Since I haven't worked with a remote repository, I stand to be corrected here.
So let's say Sam wants to help with
FootBook. Therefore you now need to use a remote repository so that you and Sam can share updates with each other and you start a project on GitHub. When you finish a new feature in your local repository, you then Push that change to the remote repository. Sam can then Pull it from the remote repository into his local repository. Now, you both have fully up to date copies of the project (and all the history of how it changed) without needing to send USB sticks to each other in the post.
Pushing and Pulling between repositories
You only ever push and pull between different repositories.
A fork is essentially a permanent branch, often moved into a different repository. You could do away with the term branching and just call it temporary forking.
So you and your mate Sam are working on
FootBook. You've both been developing features of
FootBook, pushing your completed features (made in your local repository) to a remote repository as we discussed immediately above.
Then Sam gets really drunk and throws beer all over you, sleeps with your partner and tells you that you'll never be friends again.
FootBook is dead.
So you pull all the changes from the remote repository into your local repository (so that you have a fully up to date copy including all of Sam's work). You use this to create a new project called
AnkleBook. The history books, when writing about the immense commercial success of
AnkleBook (and its multi-billionaire founder), will note that it started as a Fork of
FootBook whilst the original project floundered in the hands of a philandering drunk and became nothing of any note.
Before you make any changes to your new copy of the code that was
AnkleBook repository is a clone of
FootBook and the mechanism you used to create the new
AnkleBook repository would be to clone the
FootBook repository. Cloning is how you create a fork in a separate repository.
Forking a project by cloning
You can also use cloning as a branching model (a heavyweight branching model).

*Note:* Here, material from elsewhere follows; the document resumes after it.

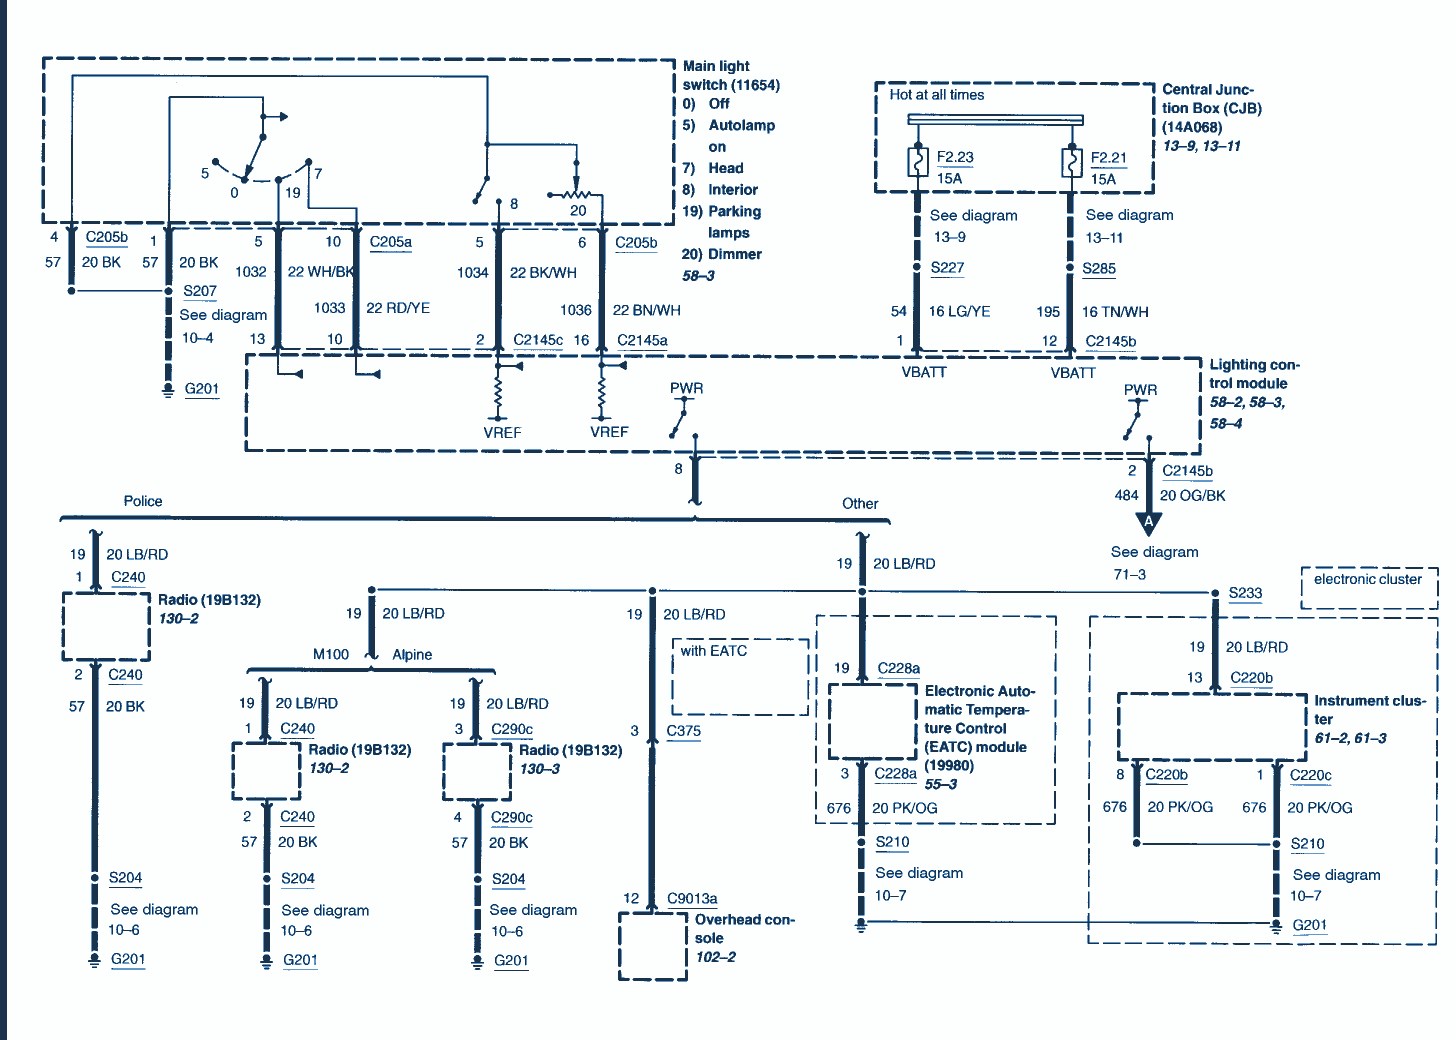 Light circuit diagram: September 2013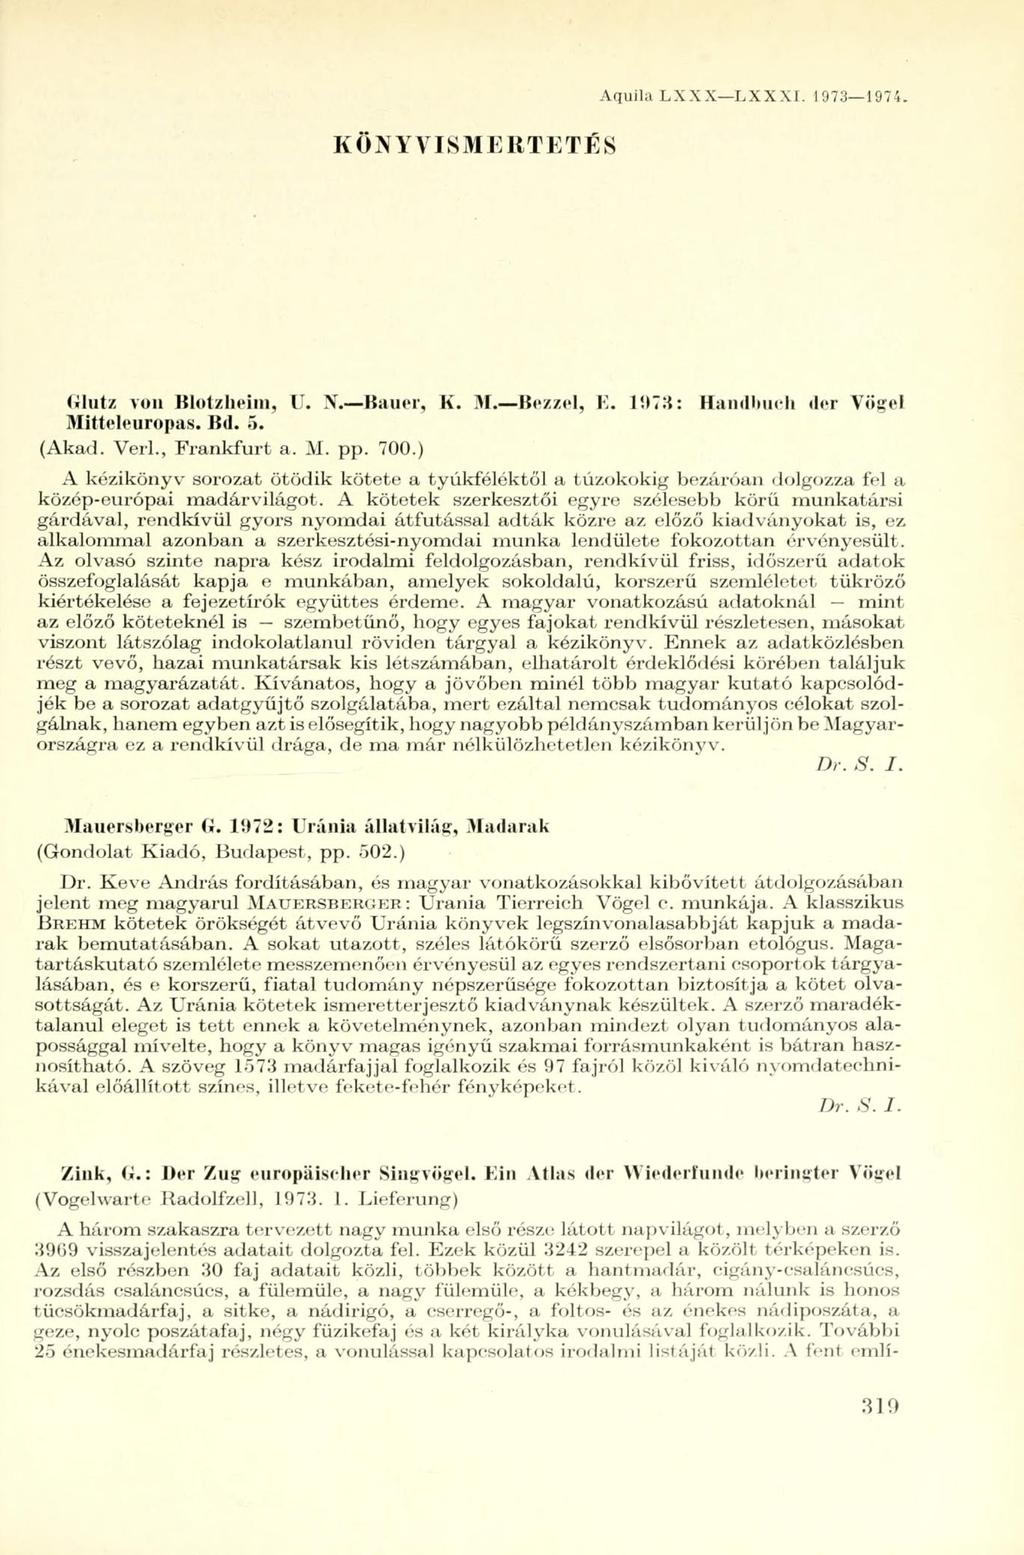 KÖNYVISMERTETÉS Aquila LXXX LXXX1. 1073 1974. (ílutz von Stotzheim, U. N. Bauer, K. M. Bezzel, E. 1973: Handbuch der Vögel Mitteleuropas. Bd. ő. (Akad. Verl., Frankfurt a. M. pp. 700.

Create a clone, make changes, commit them and then Pull the clone into your original repository. It's called heavyweight since you create two big copies of the same thing, two sets of folders and two databases.
It's also how you would get your first copy of an existing project (e.g., the Linux Kernel) that you want to get involved with. So, using our example, having lost Sam, you ask George' to get involved, George clones the remote
AnkleBook repository and starts work in his new local repository.
So you and George have been working on
AnkleBook for a while and you've developed a new feature called
FootLinker. During development of
FootLinker you made changes to the ligament.cs file. Unfortunately, so did Sam whilst developing the
ShinLinker feature. When Sam Pulls your
FootLinker feature into his local repository and tries to merge it with his
ShinLinker feature, the VCS throws a wobbly since there are different changes to the same file. Who wins?
When it's really easy, because you made changes to different parts of the ligament.cs file, the VCS can often work it out for you, automagically. However, what if you both made different changes to the same line of code? At that point, you usually have to step in and help the VCS choose what to do and sometimes pick up the pieces afterwards.
Same thing can happen even when working on your own. What if you have two branches in your repository? Because you are working on two new features simultaneously (and therefore, you could make conflicting edits to the same code), you can create a merge conflict for yourself. It's no different, same process, only you have to argue with yourself instead of having Sam throw beer at you again.
Diff, unsurprisingly means difference and usually refers to a tool or the output of that tool, often built into the VCS itself or available as an external plug-in. The VCS uses it to spot exactly what has changed between an older and the current version of a file, or even the same file in two different branches. And they are very clever, even when you make a change near the beginning such as an extra line of code or two it doesn't think everything below that is also a change, it works it out. So it really does only identify actual changes, edited lines, removed lines and added lines are all spotted and treated as such.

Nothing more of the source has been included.